Comme souvent, les États-Unis sont pionniers en matière de précarité. Dès 2018, des médecins déclaraient à la presse que le premier cas de scorbut avait été mesuré chez eux cinq ou six ans plus tôt. « Ce premier cas […] C’était pour le moins impressionnant », a rappelé le docteur Eric Churchill dans une revue scientifique. « La personne ne mangeait que du fromage et du pain. Depuis, nous avons diagnostiqué entre 20 et 30 cas », rien que dans son hôpital, a-t-il déclaré.

En février dernier, aux Etats-Unis, le PDG de Kellogg’s conseillait à la télévision aux familles américaines de manger des « céréales pour le dîner » si elles veulent manger à moindre coût, dans un contexte d’inflation alimentaire. Les communicants de la marque avaient lancé une campagne incitant les consommateurs à manger des « céréales pour le dîner », capitalisant sur l’impossibilité de manger sainement pour une partie de plus en plus importante de la population. Kellogg’s conseille donc de remplacer un repas équilibré par des céréales ultra-transformées, riches en sucres et en pesticides.

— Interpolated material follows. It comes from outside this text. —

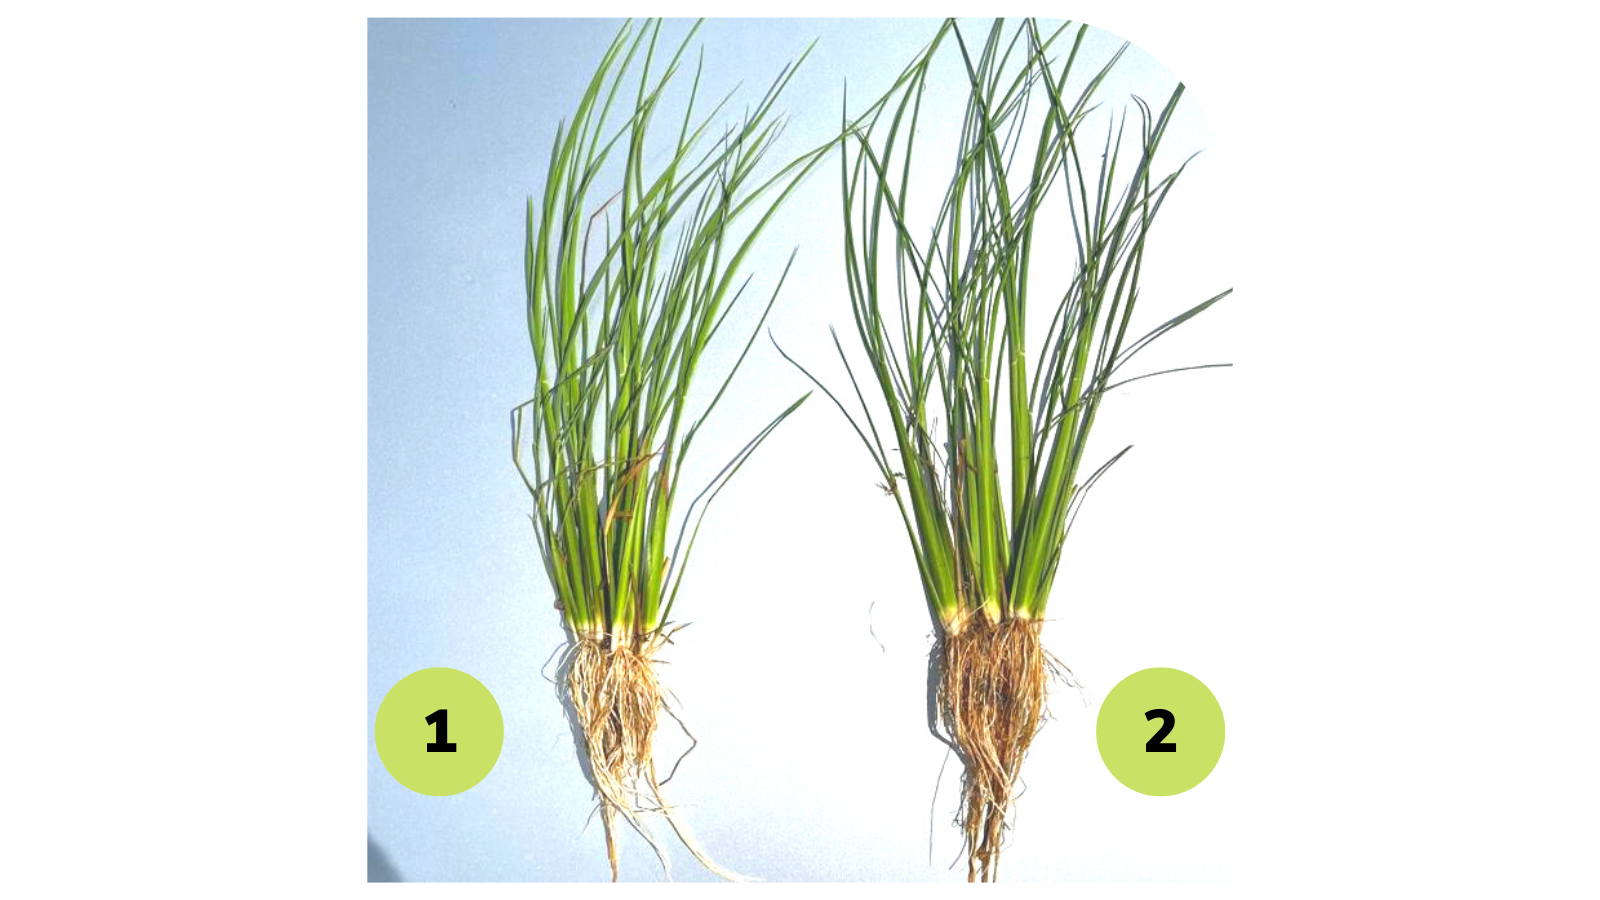 Omex Bio 20 y Zinc Flow para potenciar el desarrollo del arroz

Pour éviter le scorbut, il faut ingérer moins de 10 mg de vitamine C par jour pendant un à trois mois. Une orange en contient 80 à 100. Les marins avaient aussi compris qu’il suffisait d’emporter à bord des agrumes, éventuellement mélangés à de l’alcool – ce qui a donné naissance au punch – pour éviter ce « fléau marin ». La vitamine C est également présente dans les pommes de terre, les agrumes, les épinards, etc. Découvrir le scorbut au XXIe siècle est donc une anomalie historique, et le signal qu’une alimentation est devenue profondément toxique pour les personnes les plus précaires, qui n’ont plus accès à des produits frais. produire. En réalité, qui peut s’offrir les fameux « 5 fruits et légumes du jour » recommandés par les nutritionnistes ?

Aux États-Unis, les autorités estiment à 10 % la proportion de la population confrontée à l’insécurité alimentaire. En France en 2023, plus d’un habitant sur deux sautait au moins un repas par jour et 9,3 millions vivaient sous le seuil de pauvreté. L’aide alimentaire en France concerne 7 millions de personnes et les Restos du Cœur ont annoncé être en sérieuse difficulté face à l’afflux de personnes dans le besoin il y a quelques mois.

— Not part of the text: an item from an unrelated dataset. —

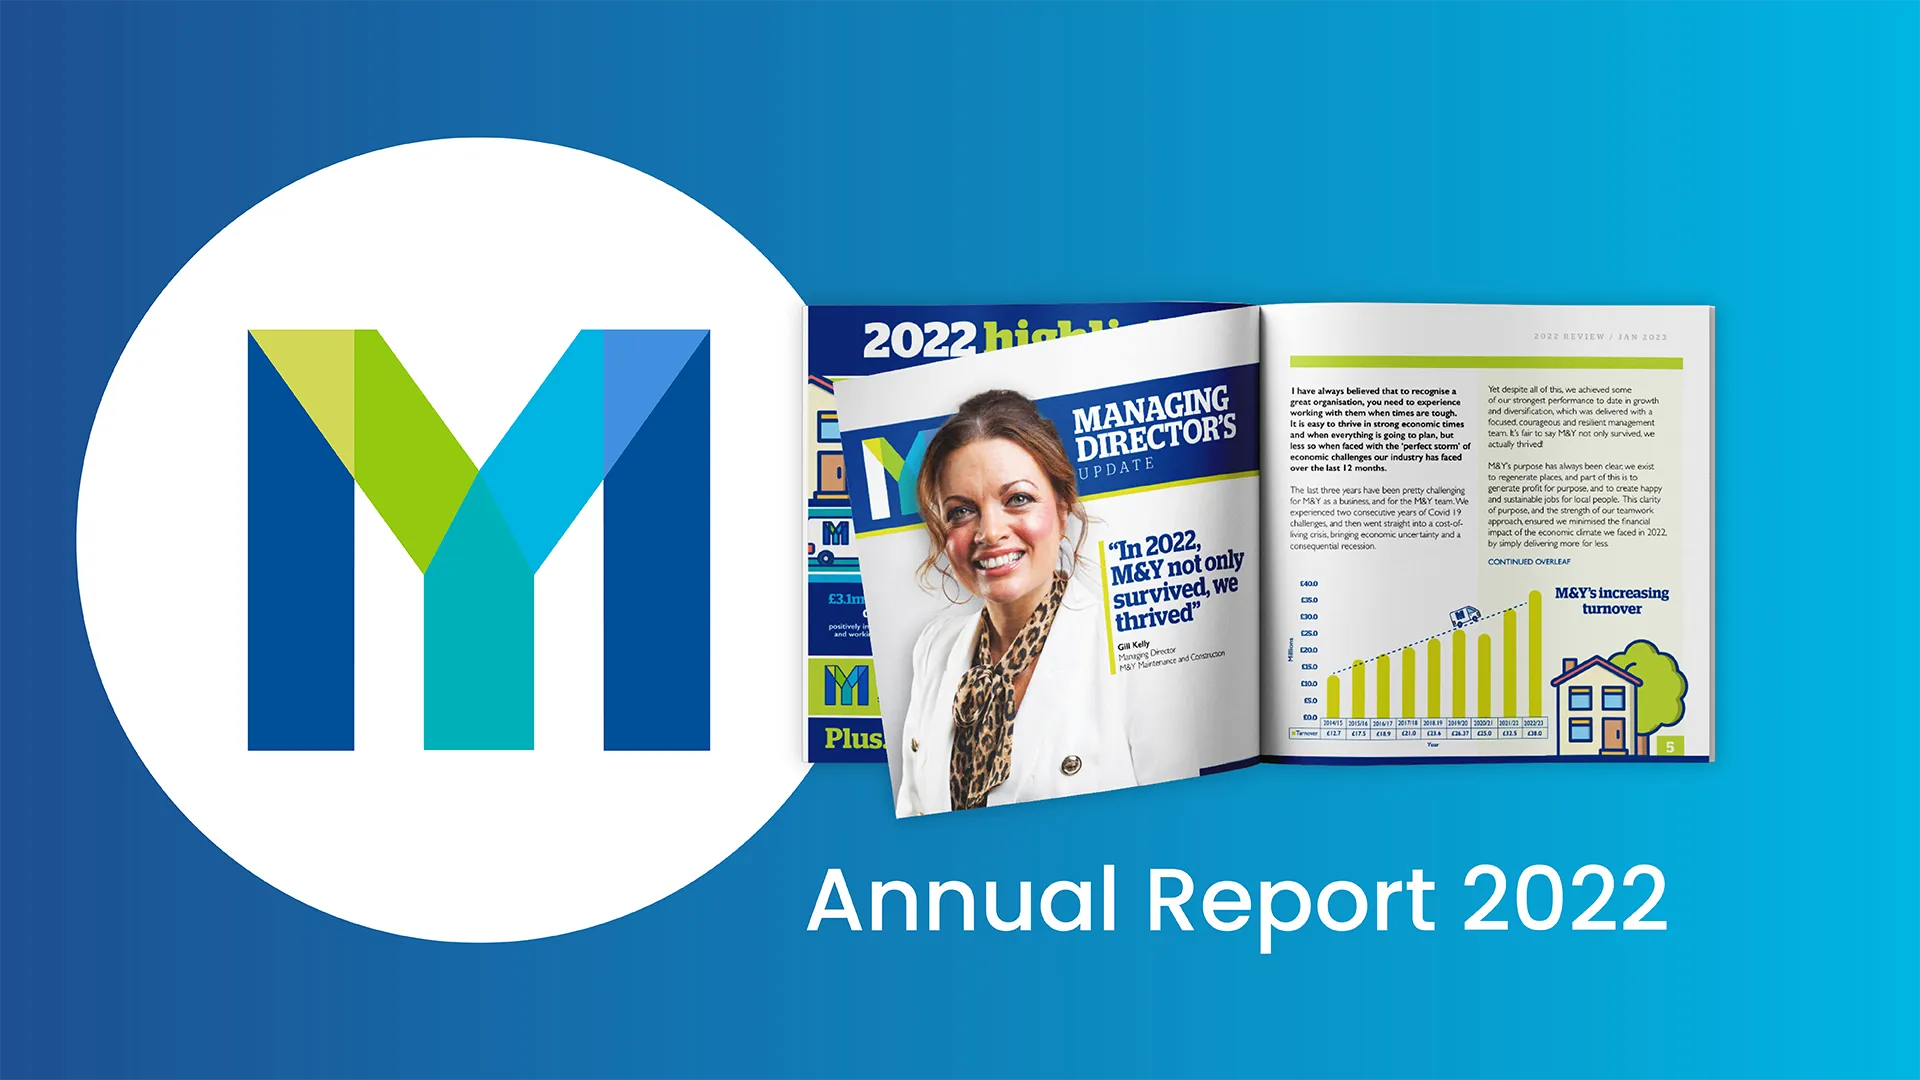 Annual report 2022 graphic

Alors que l’humanité n’a jamais produit autant de richesses et que le nombre de milliardaires explose, il s’avère que, même dans les pays riches, une part croissante de la population n’a pas accès à une quantité et une qualité suffisantes. assez de nourriture pour vivre correctement.

Autre paramètre de cet effondrement : les fruits et légumes eux-mêmes sont de moins en moins sains. Outre les pesticides et les OGM, il a été prouvé qu’une pomme ou une tomate sélectionnées par l’agro-industrie et cultivées de manière intensive contiennent bien moins de nutriments que les variétés consommées il y a 50 ou 100 ans. Il faudrait manger deux ou trois fois plus pour obtenir la même quantité de vitamines. Paradoxalement, notre alimentation est à la fois de plus en plus calorique tout en étant vide de nutriments.

Pour se maintenir, les capitalistes ont vendu le mythe du « progrès » sans fin, qui serait garanti par la croissance économique. Cependant, notre époque est bel et bien celle d’un déclin généralisé. Aux États-Unis, l’espérance de vie diminue déjà, tout comme en Angleterre. En France, l’espérance de vie en bonne santé diminue. Rien n’indique que les générations nées depuis les années 1980 vivront plus longtemps que celles du baby-boom, qui ont mangé « bio » durant toute leur jeunesse – les pesticides étaient encore très peu utilisés – qui ont bénéficié du maximum de l’État social et qui vivent donc plus longtemps que les générations précédentes. les précédents.